AVAILABLE DATA
□ □ □

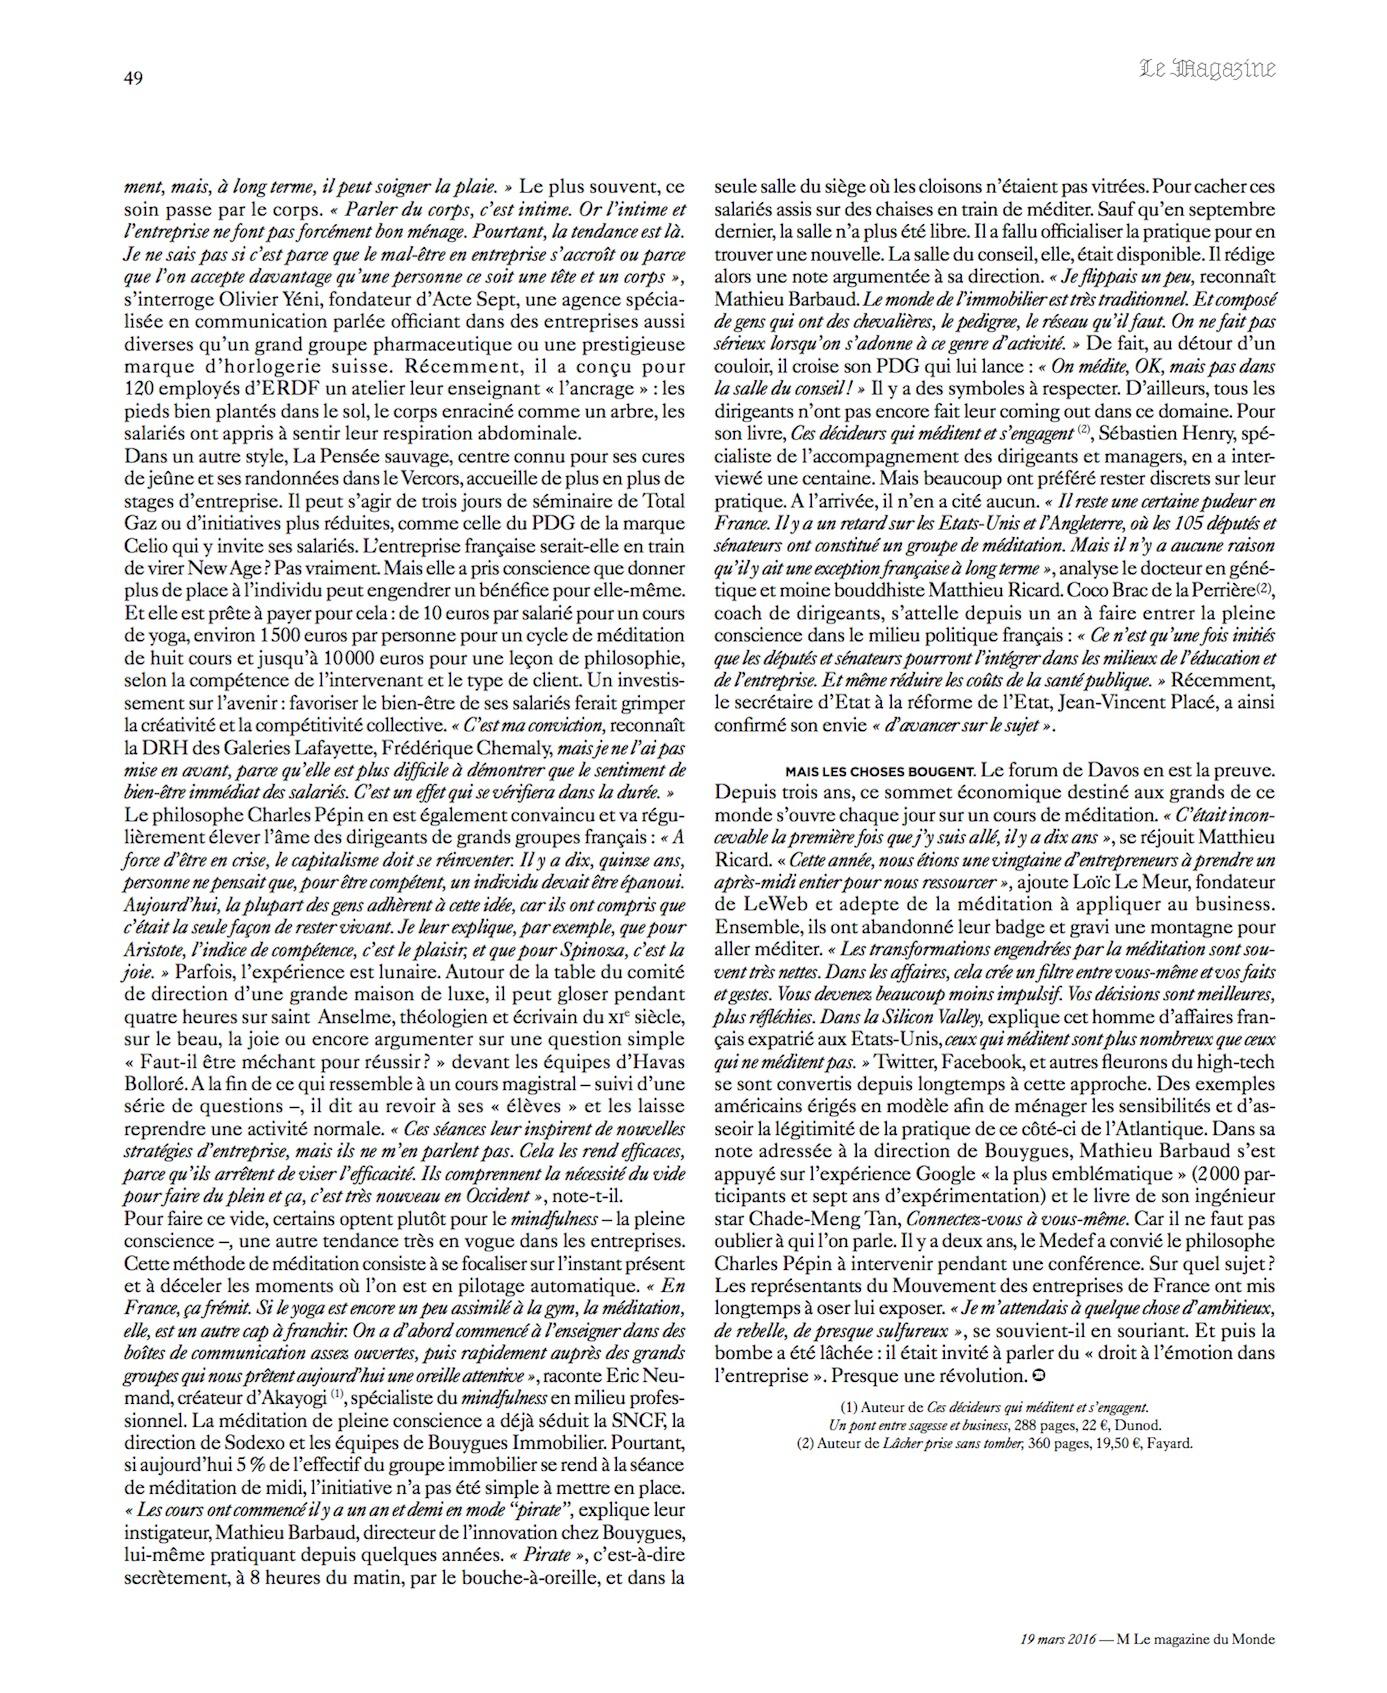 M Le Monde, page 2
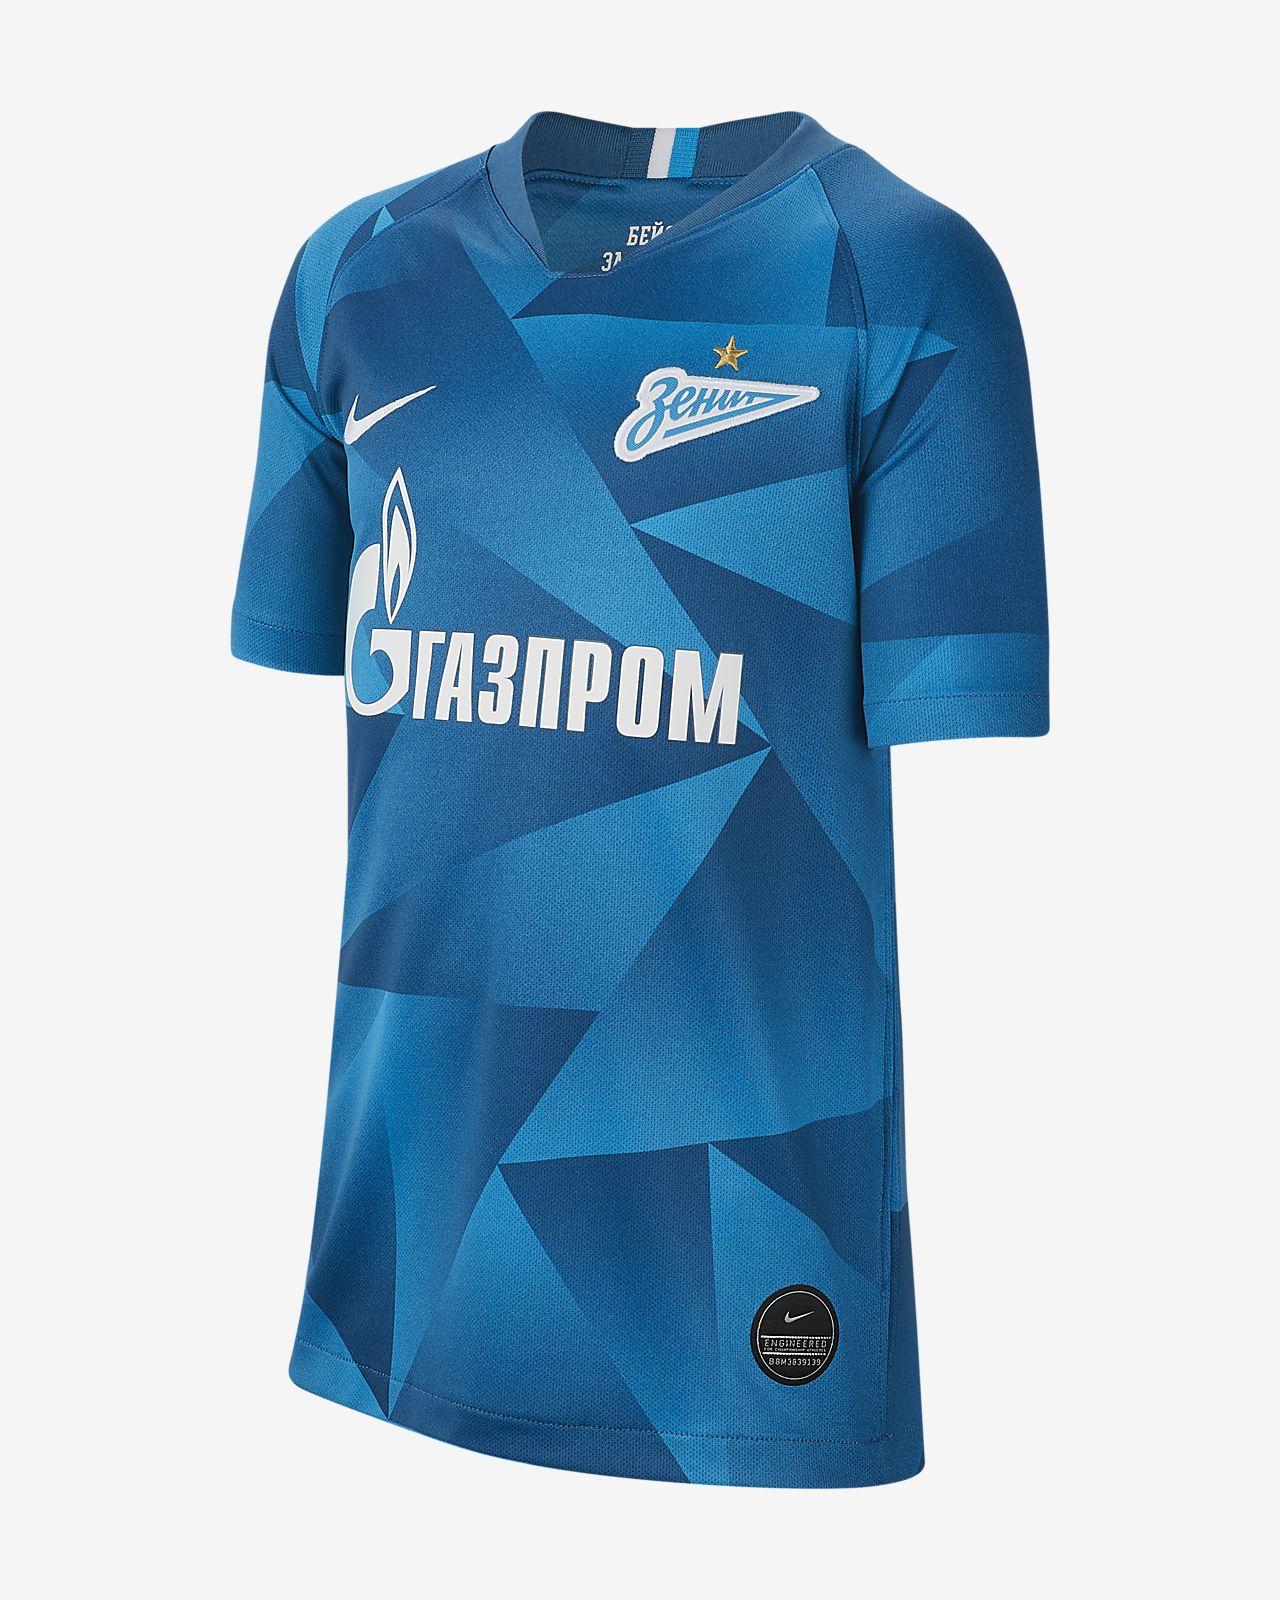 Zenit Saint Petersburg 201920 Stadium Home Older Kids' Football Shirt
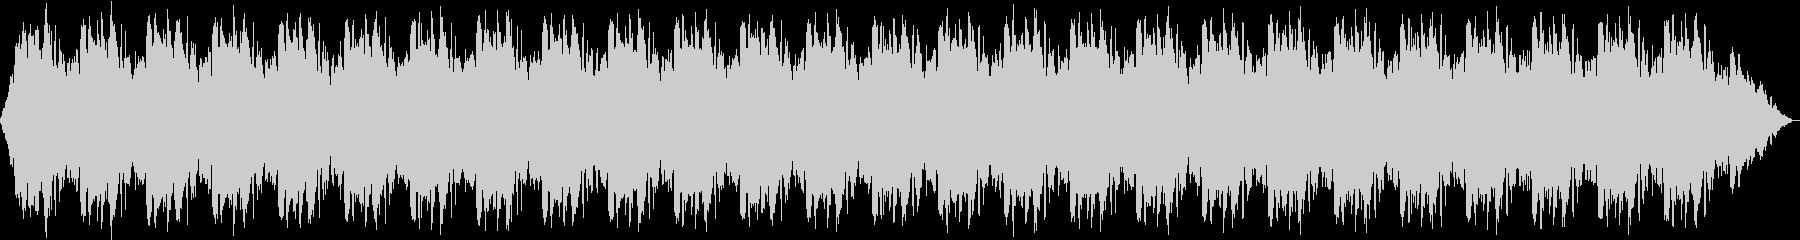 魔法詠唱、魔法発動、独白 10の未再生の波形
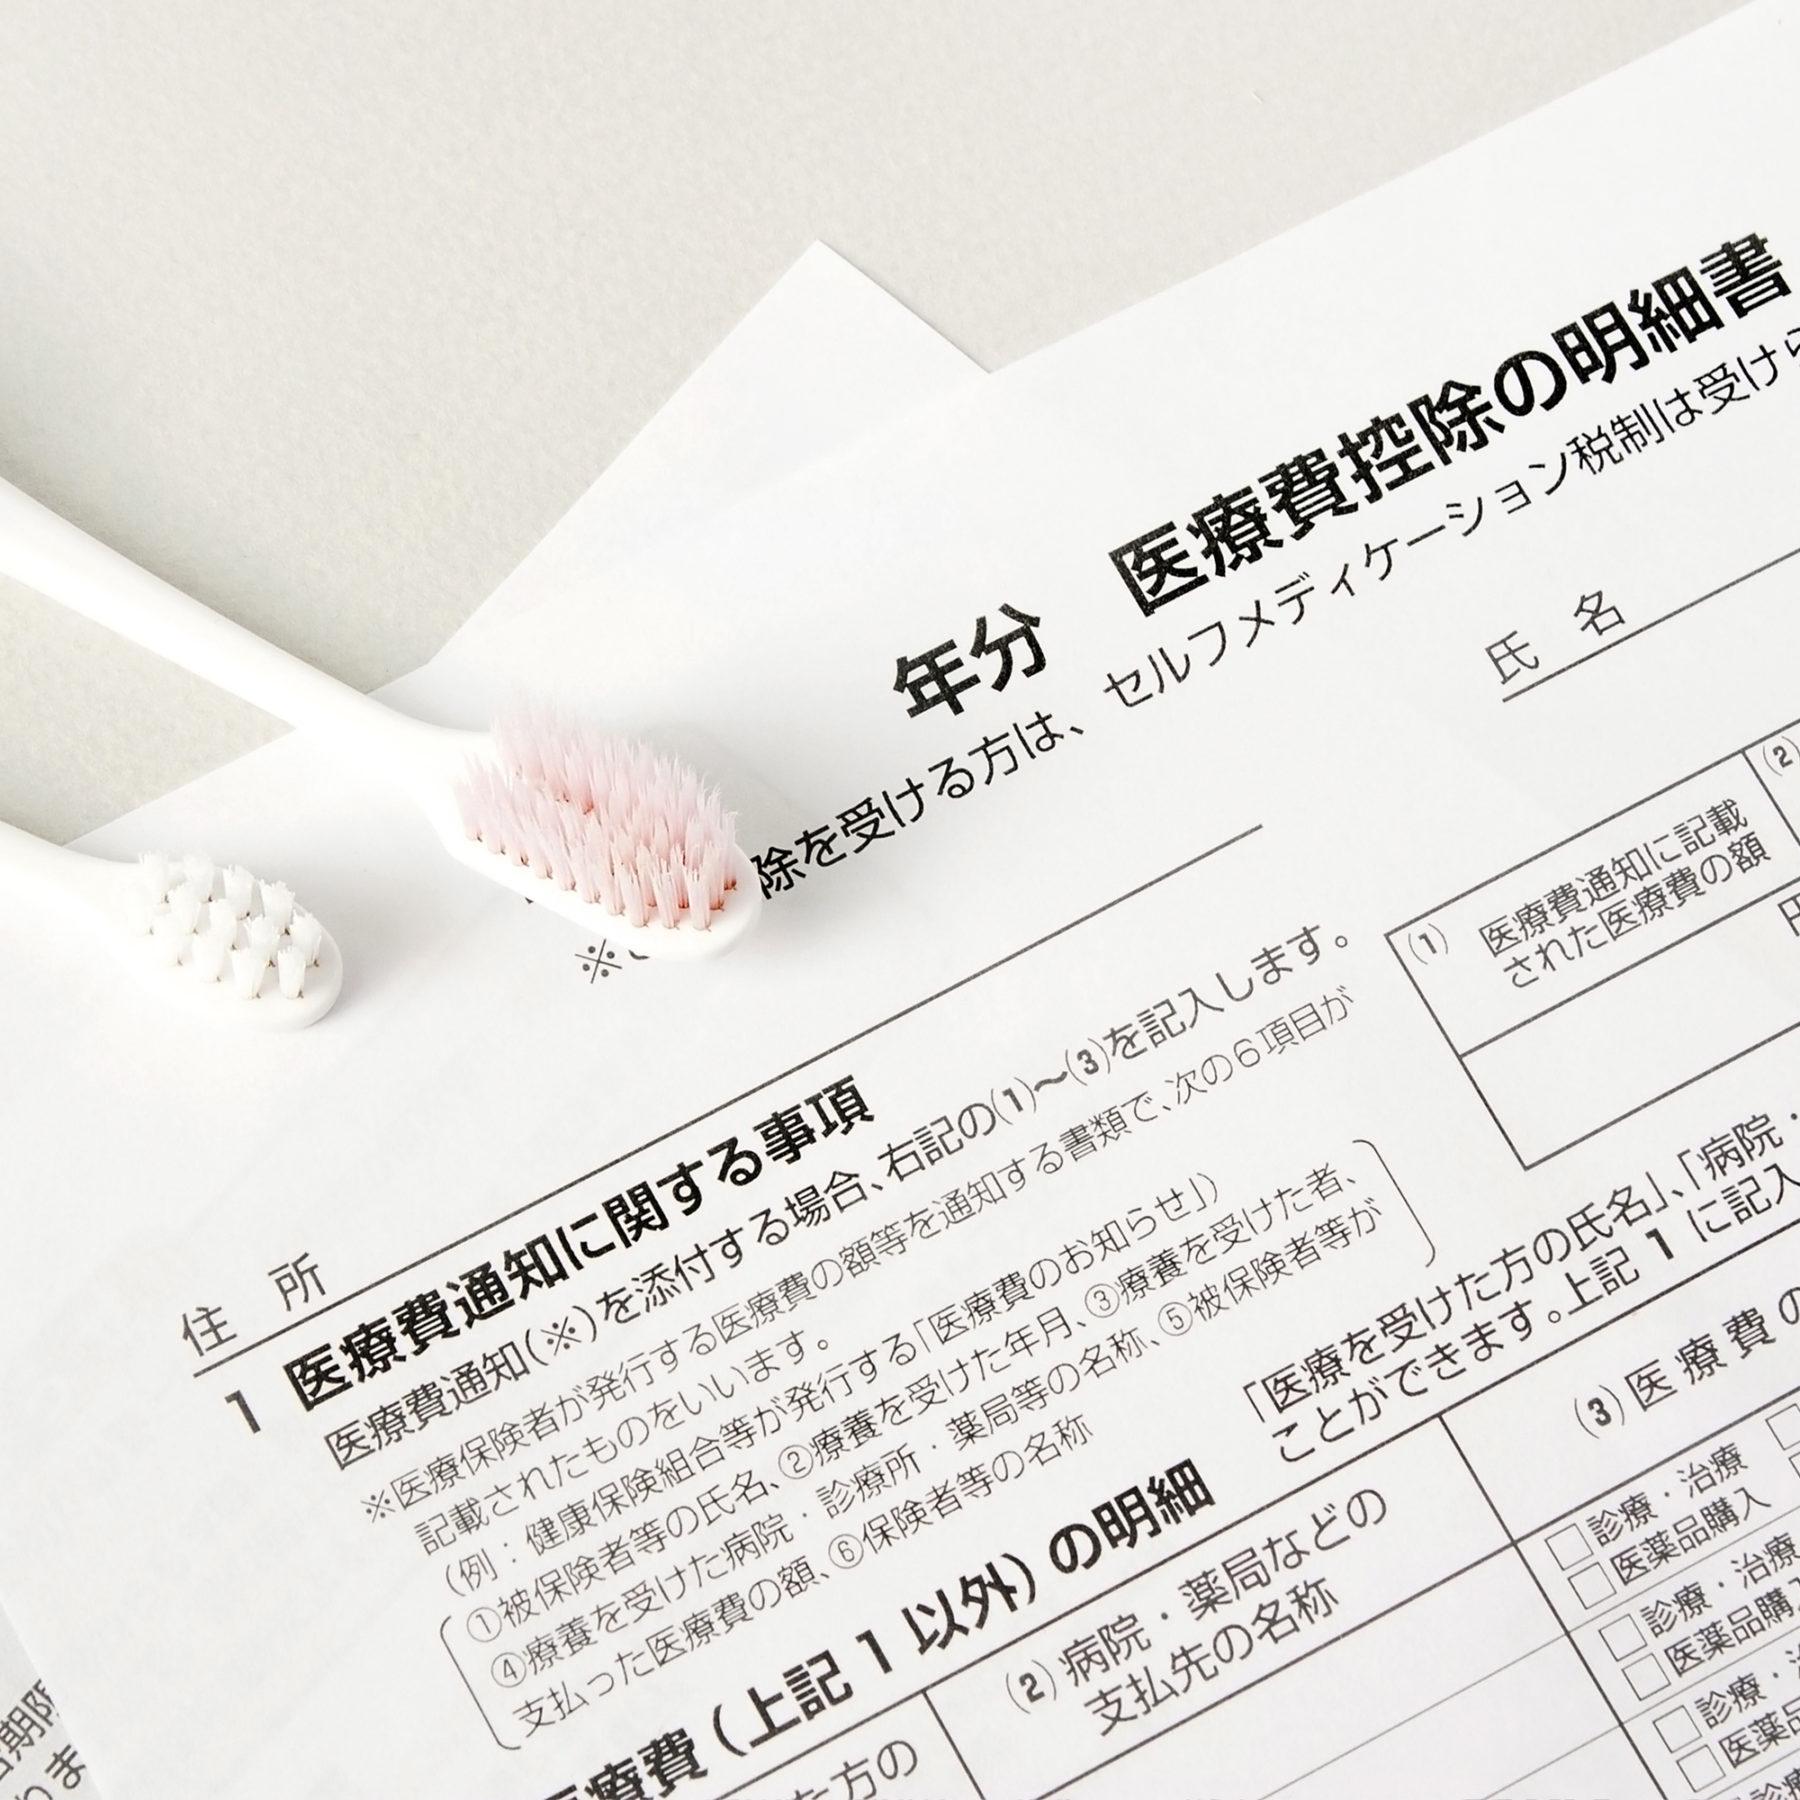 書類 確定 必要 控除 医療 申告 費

□ □ □

TASK
All of the data is to be transcribed exactly, with images omitted.

ANSWER TO THE EXERCISE
 M Le Monde, page 2
 Zenit Saint Petersburg 201920 Stadium Home Older Kids' Football Shirt
 魔法詠唱、魔法発動、独白 10の未再生の波形
 書類 確定 必要 控除 医療 申告 費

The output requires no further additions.